The list goes on, and some of the databases may be doing fine jobs in many areas already. But can we safely call them “marketing” databases? Or are marketers simply tapping into the central data depository somehow, just making do with lots of blood, sweat and tears?

As an exercise, let me ask a few questions to see if your organization has a functioning marketing database for CRM purposes:

  • What is the average order size per year for customers with tenure of more than one year? —You may have all the transaction data, but maybe not on an individual level in order to know the average.
  • What is the number of active and dormant customers based on the last transaction date? —You will be surprised to find out that many companies do not know exactly how many customers they really have. Beep! 1 million-“ish” is not a good answer.
  • What is the average number of days between activities for each channel for each customer? —With basic transaction data summarized “properly,” this is not a difficult question to answer. But it’s very difficult if there are divisional “channel-centric” databases scattered all over.
  • What is the average number of touches through all channels that you employ before your customer reaches the projected value potential? —This is a hard one. Without all the transaction and contact history by all channels in a “closed-loop” structure, one cannot even begin to formulate an answer for this one. And the “value potential” is a result of statistical modeling, is it not?
  • What are typical gateway products, and how are they correlated to other product purchases? —This may sound like a product question, but without knowing each customer’s purchase history lined up properly with fully standardized product categories, it may take a while to figure this one out.
  • Are basic RFM data—such as dollars, transactions, dates and intervals—routinely being used in predictive models? —The answer is a firm “no,” if the statisticians are spending the majority of their time fixing the data; and “not even close,” if you are still just using RFM data for rudimentary filtering.

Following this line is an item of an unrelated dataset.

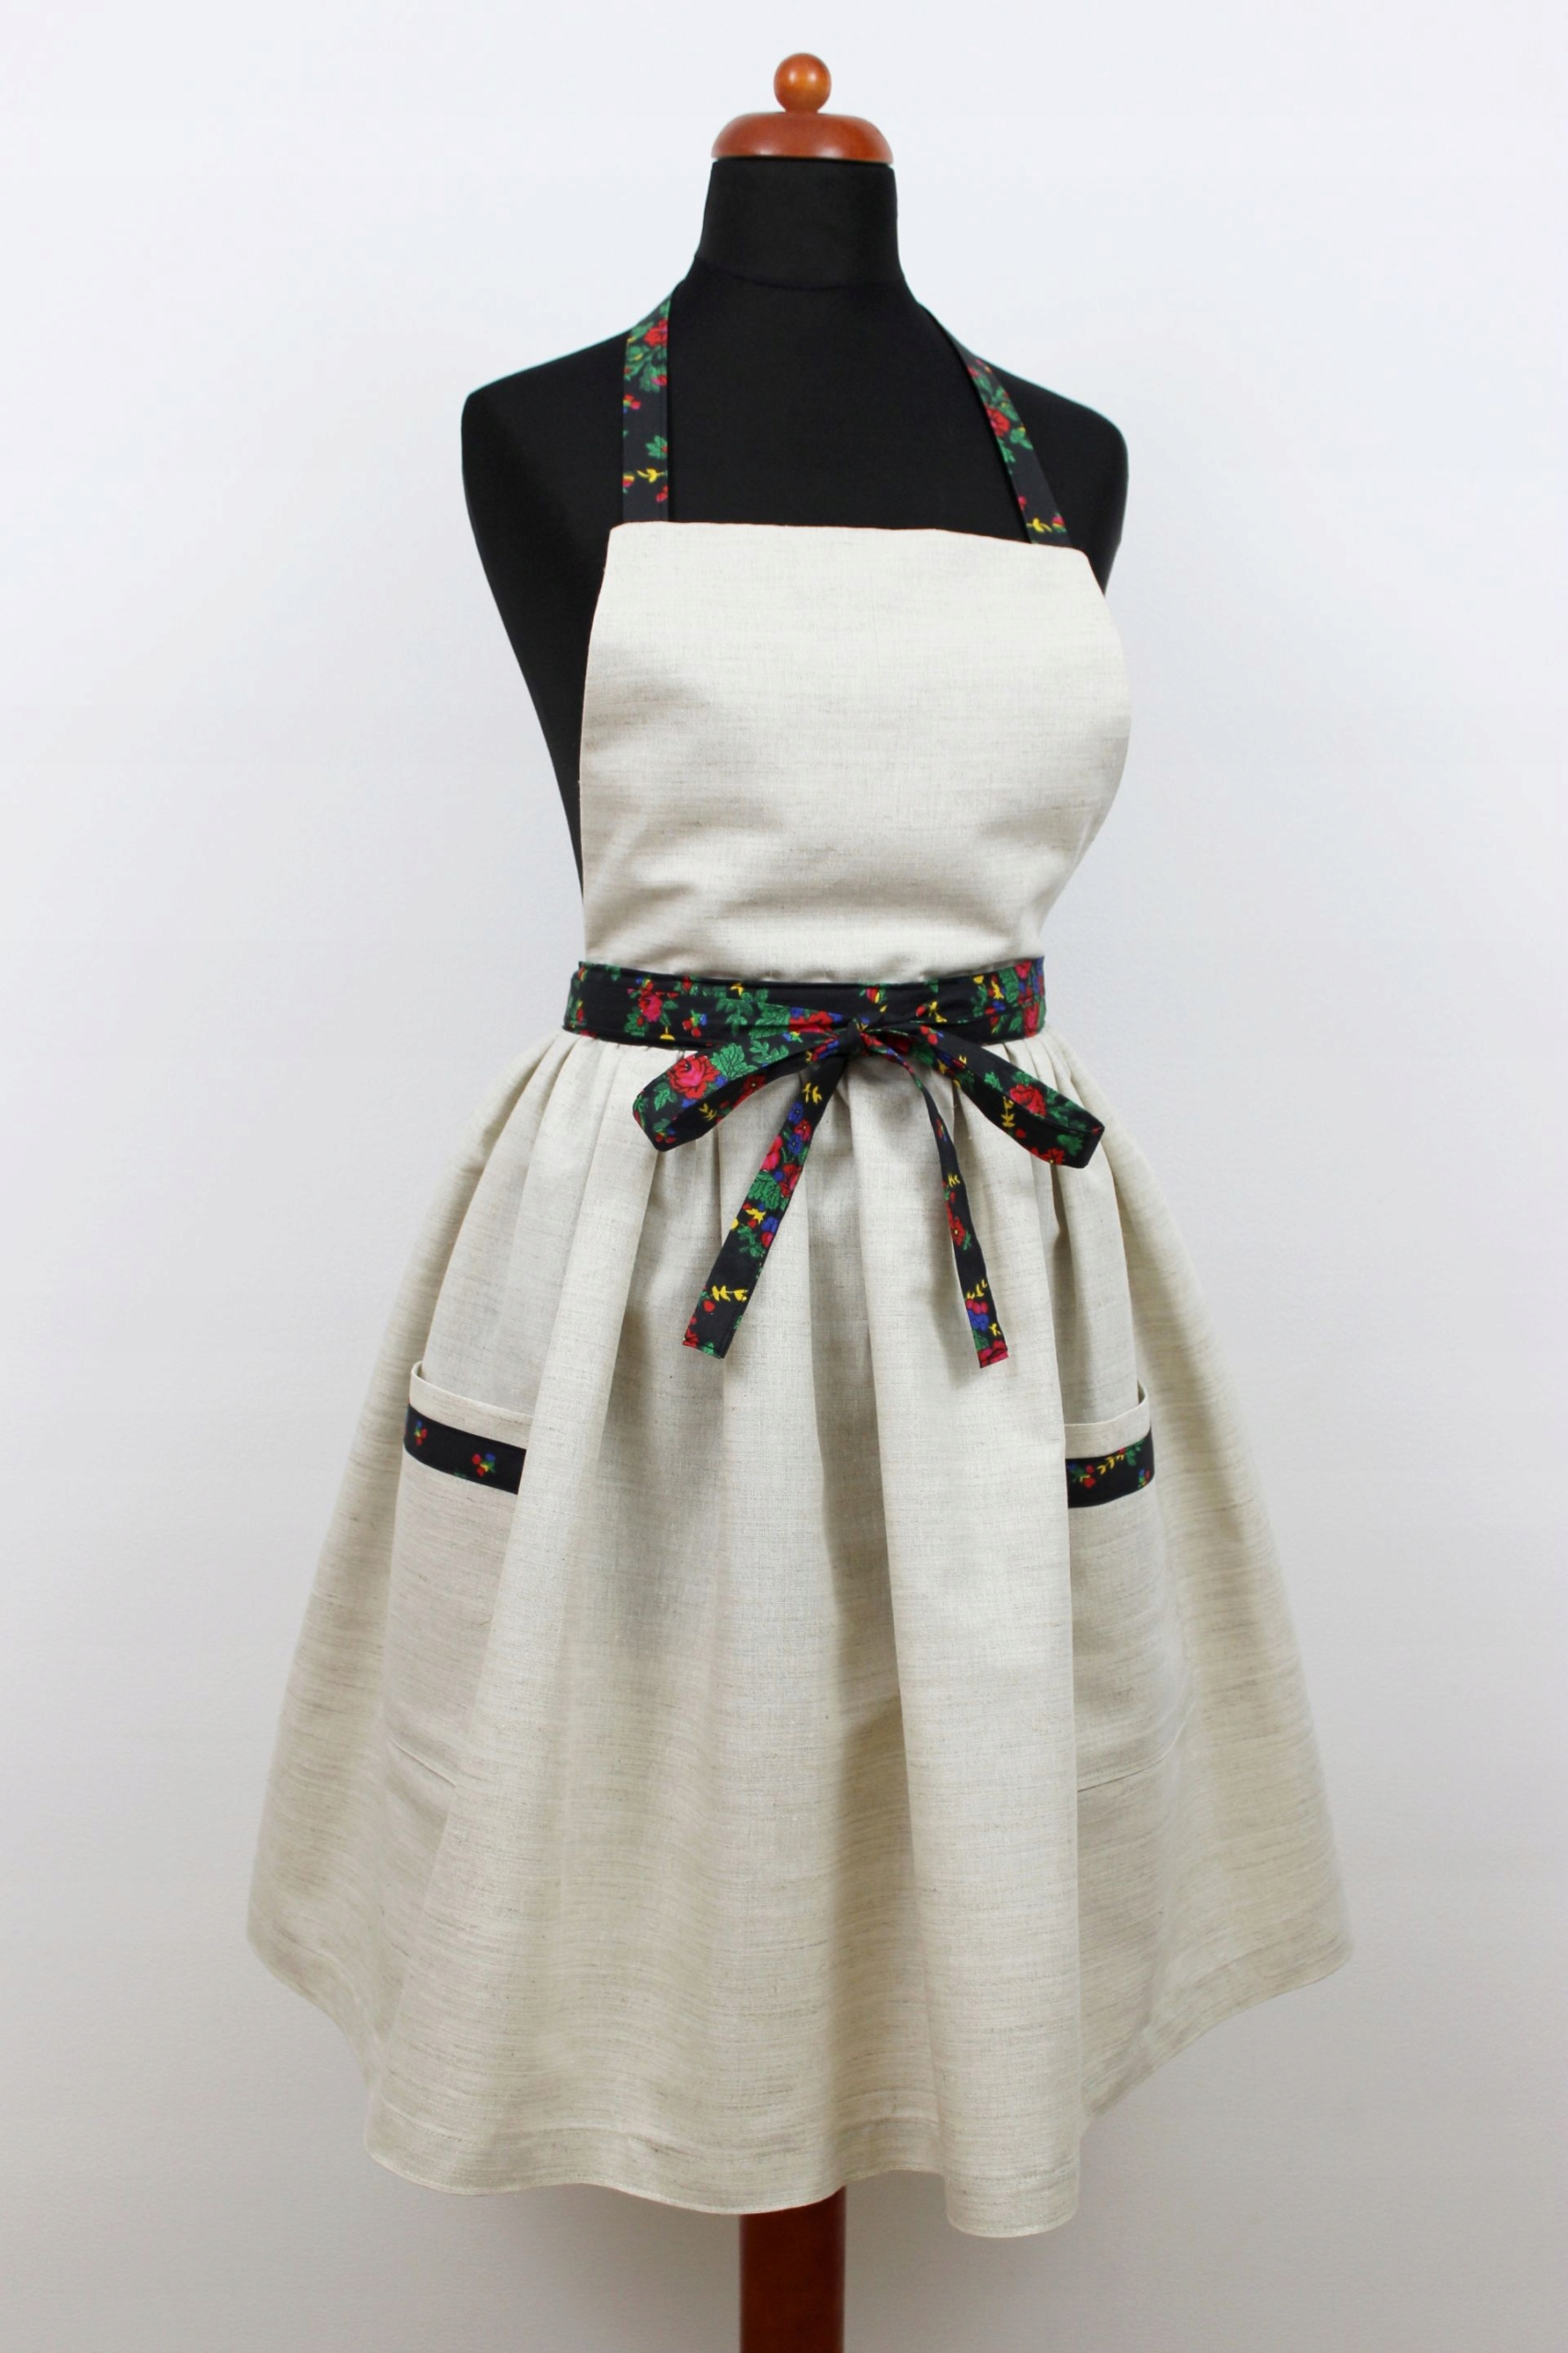 Zástera šaty, bielizeň retro vrecká, kvety, ľudová

Now, if your answer is “Well, with some data summarization and inner/outer joins here and there—though we don’t have all transaction records from last year, and if we can get all the campaign histories from all seven vendors who managed our marketing campaigns, except for emails—maybe?”, then I am sorry to inform you that you do not have a marketing database. Even if you can eventually get to the answer if some programmer takes two weeks to draw a 7-page flow chart.

Often, I get extra comments like “But we have a relational database!” Or, “We stored every transaction for the past 10 years in Hadoop and we can retrieve any one of them in less than a second!” To these comments, I would say “Congratulations, your car has four wheels, right?”

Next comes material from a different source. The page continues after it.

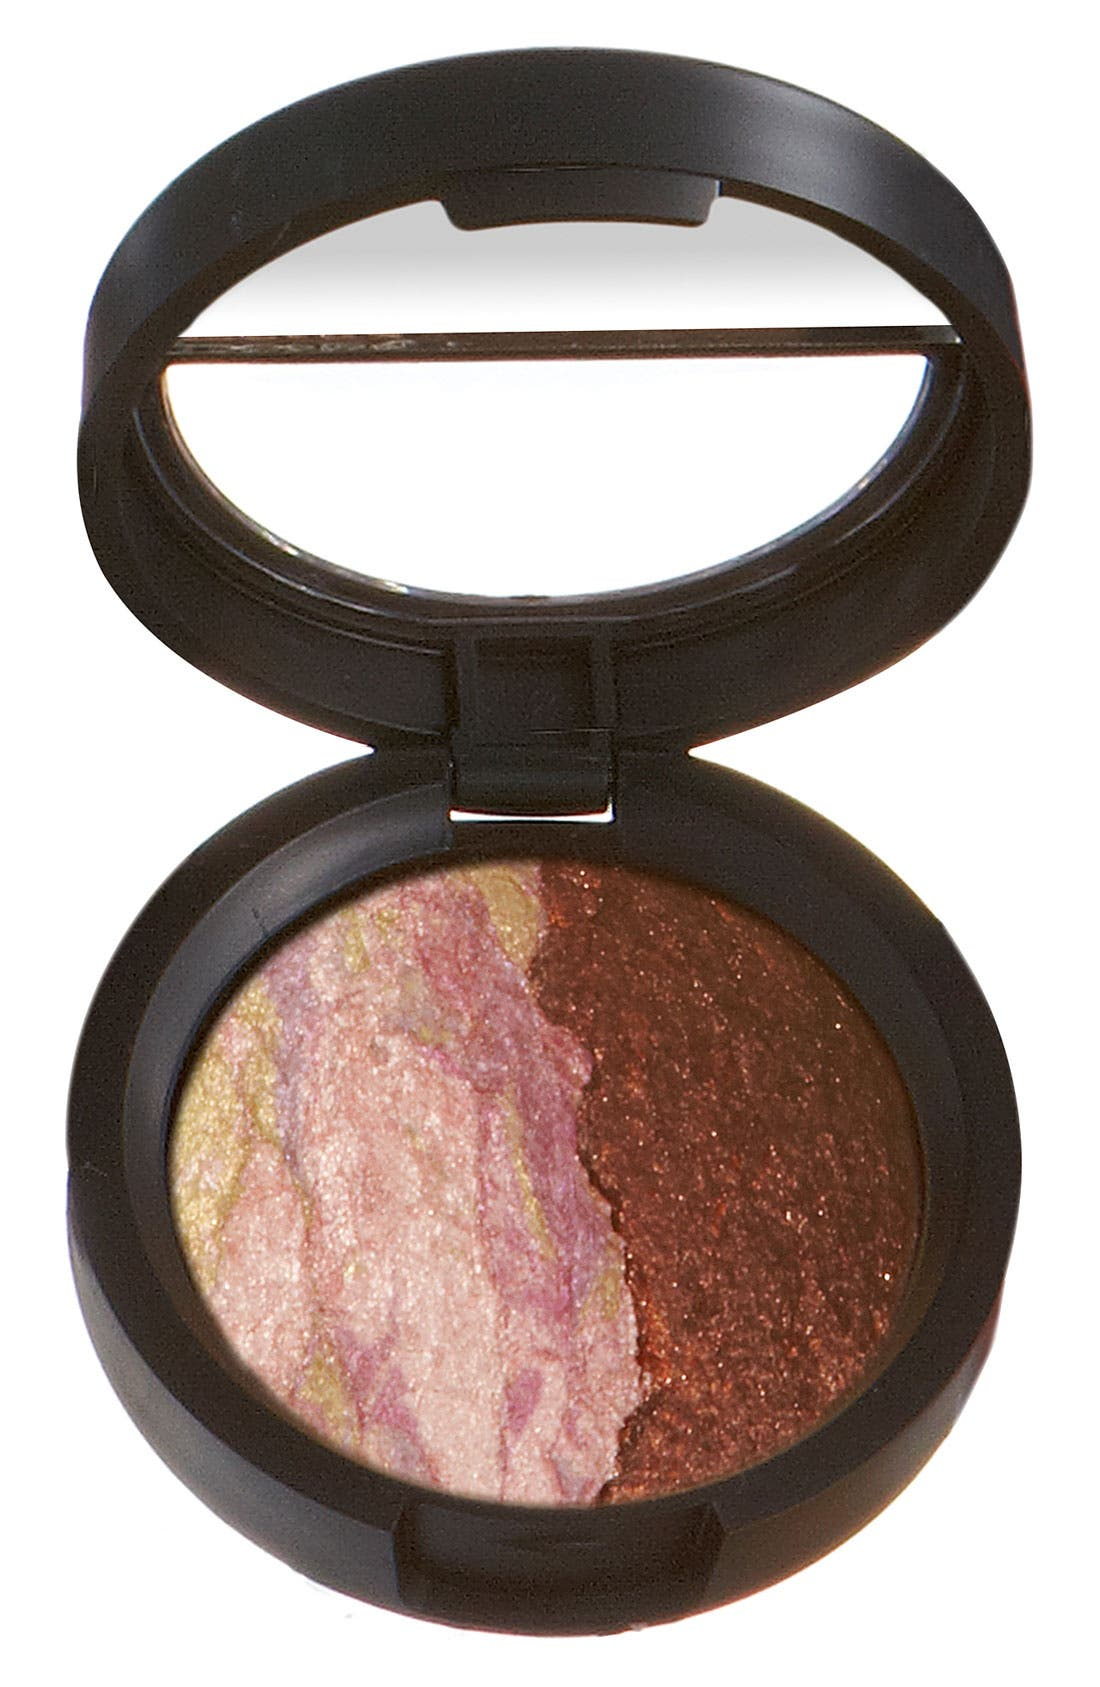 Laura Geller Beauty Baked Eyeshadow Duo

To answer the important marketing questions, the database should be organized in a “buyer-centric” format. Going back to the database philosophy question, the fundamental design of the database changes based on its main purpose, much like the way a sports sedan and an SUV that share the same wheel base and engine end up shaped differently.

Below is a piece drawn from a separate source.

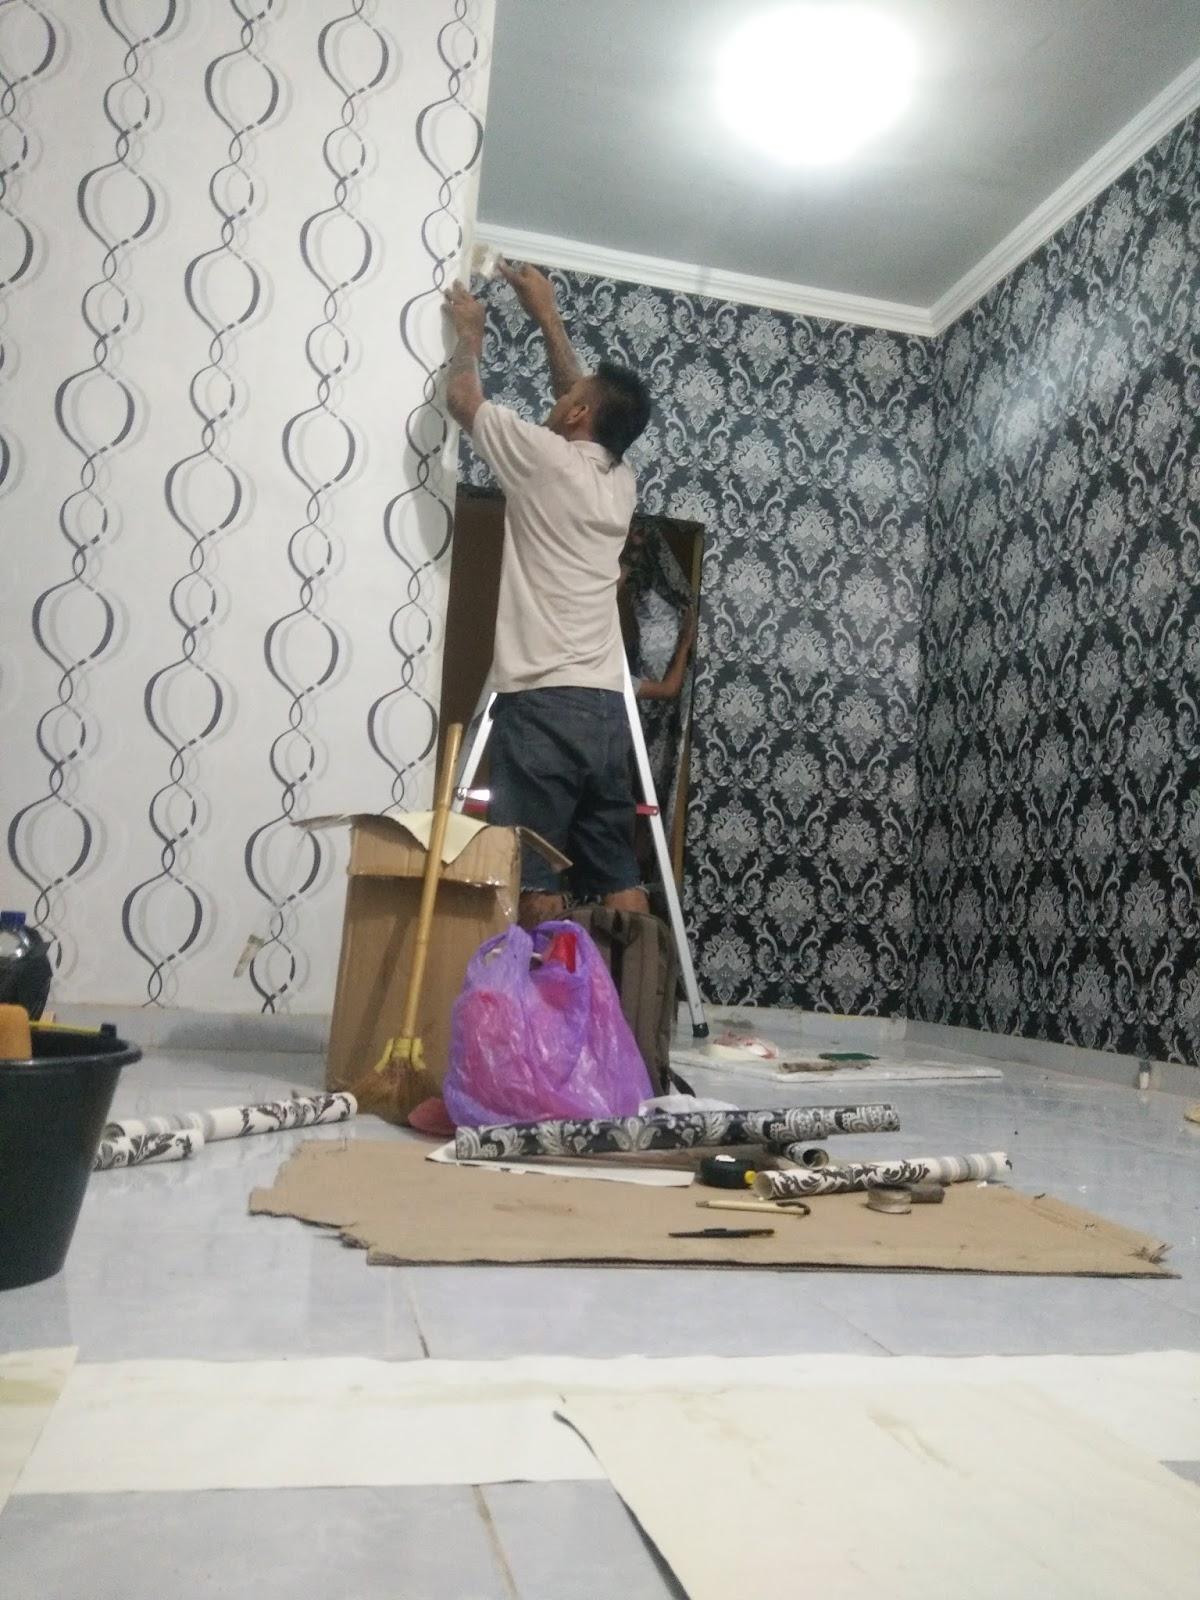 Unduh 900 Wallpaper Dinding Jogja Murah HD Terbaik

Marketing is about people. And, at the center of the marketing database, there have to be people. Every data element in the base should be “describing” those people.

Unfortunately, most relational databases are transaction-, channel- or product-centric, describing events and transactions—but not the people. Unstructured databases that are tuned primarily for massive storage and rapid retrieval may just have pieces of data all over the place, necessitating serious rearrangement to answer some of the most basic business questions.

So, the question still stands. Is your database marketing ready? Because if it is, you would have taken no time to answer my questions listed above and say: “Yeah, I got this. Anything else?”

Now, imagine the difference between marketers who get to the answers with a few clicks vs. the ones who have no clue where to begin, even when sitting on mounds of data. The difference between the two is not the size of the investment, but the design philosophy.

I just hope that you did not buy a sports car when you needed a truck.